INSTRUCTIONS FOR THE TASK: Whenever a picture appears, leave it out while repeating all the other data exactly.

GIVEN MATERIAL:
------------------------------------------------
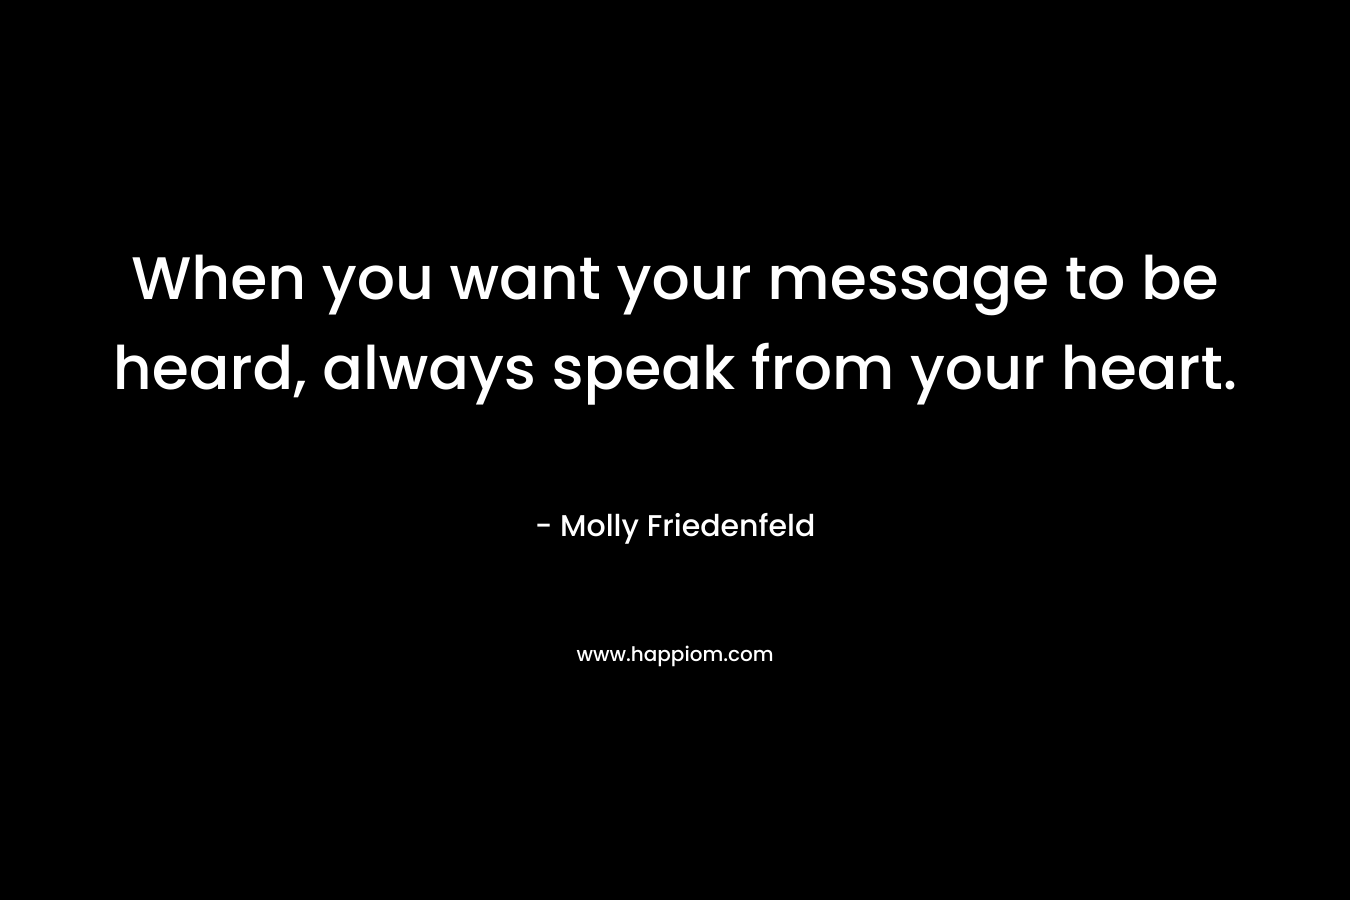 When you want your message to be heard, always speak from your heart.
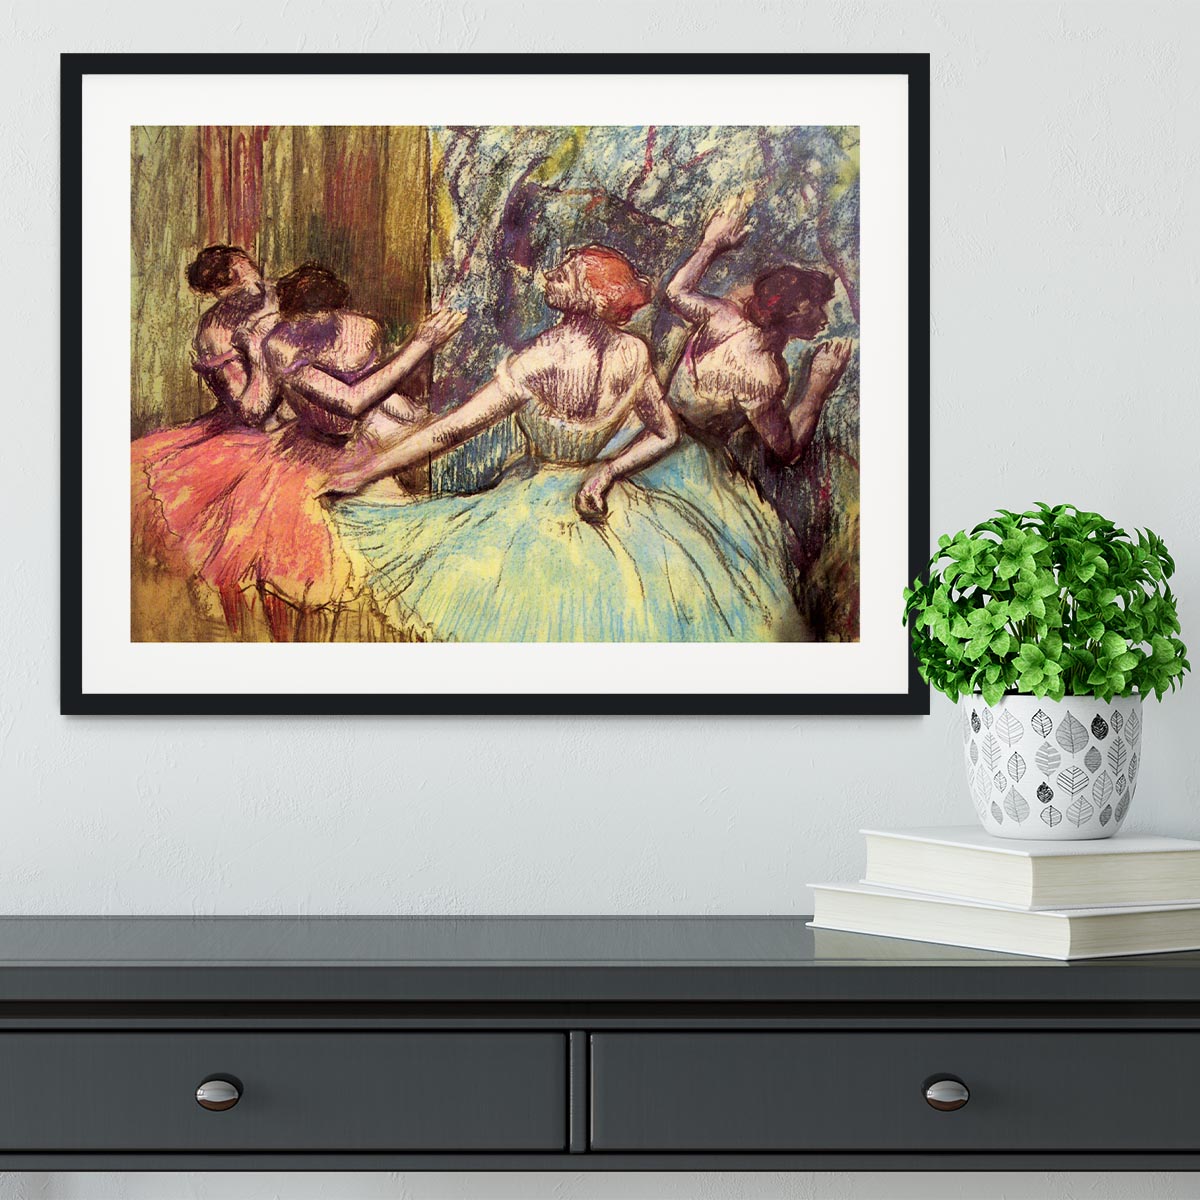 Four dancers behind the scenes 2 by Degas Framed Print - Canvas Art Rocks - 1
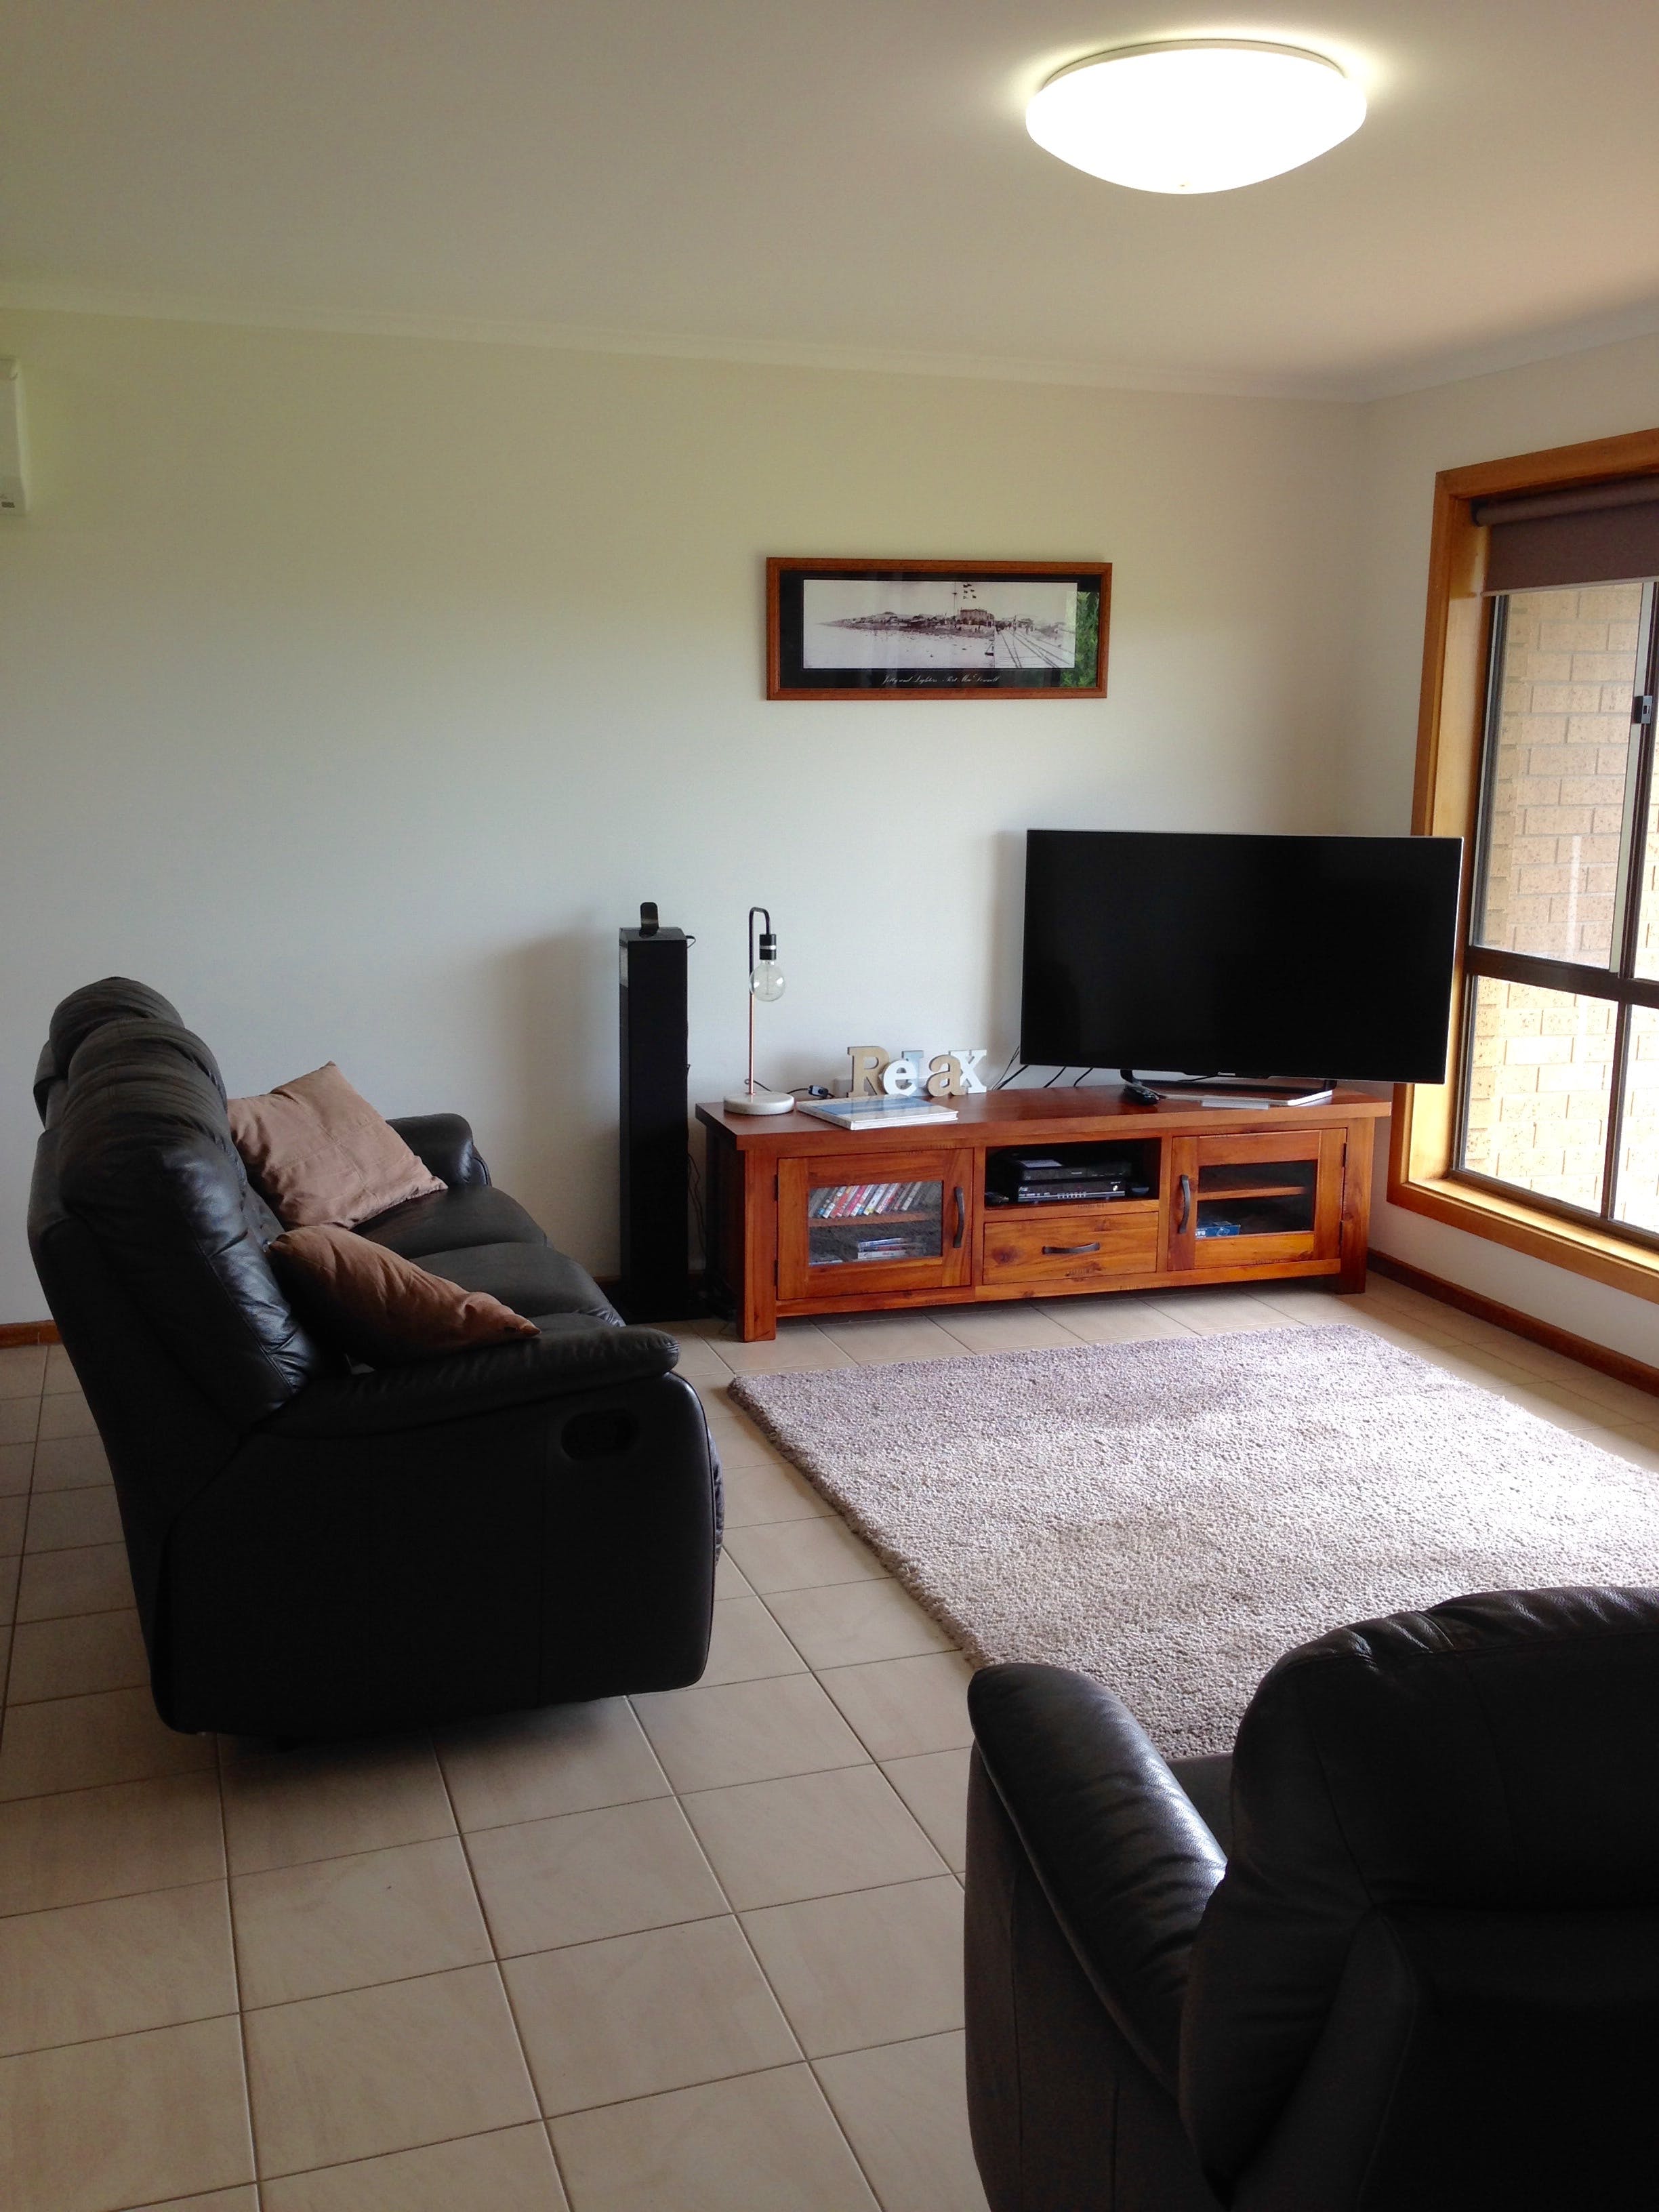 Springs Beach House - Accommodation Directory
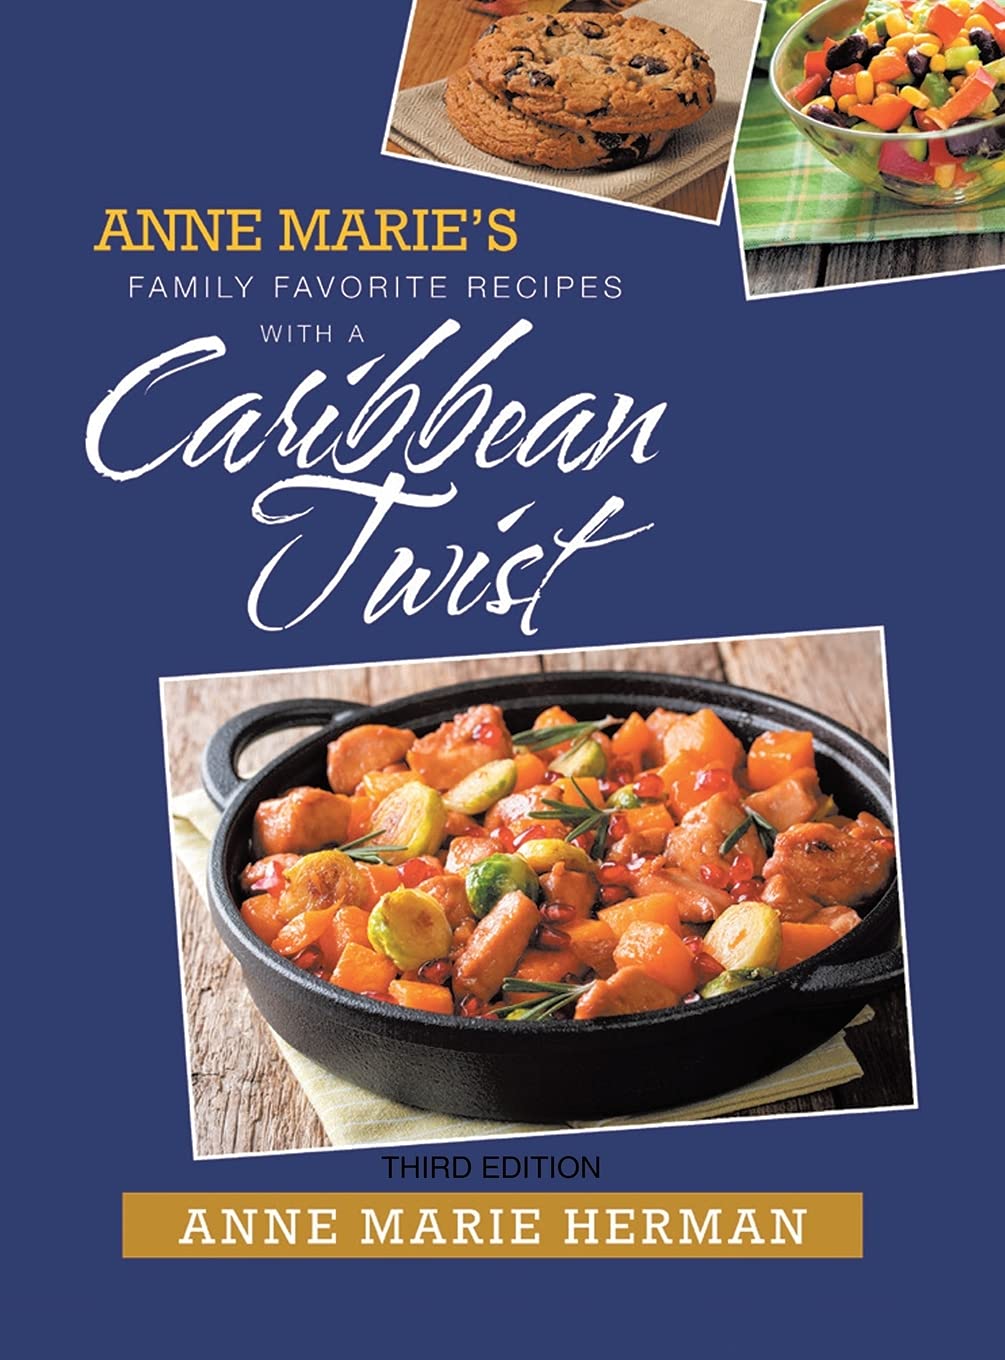 Cover image for book: Anne Marie’s Family Favorite Recipes with a Caribbean Twist
------------------------------------------------
YOUR RESPONSE:
 When you want your message to be heard, always speak from your heart.
 Four dancers behind the scenes 2 by Degas Framed Print - Canvas Art Rocks - 1
 Springs Beach House - Accommodation Directory
 Cover image for book: Anne Marie’s Family Favorite Recipes with a Caribbean Twist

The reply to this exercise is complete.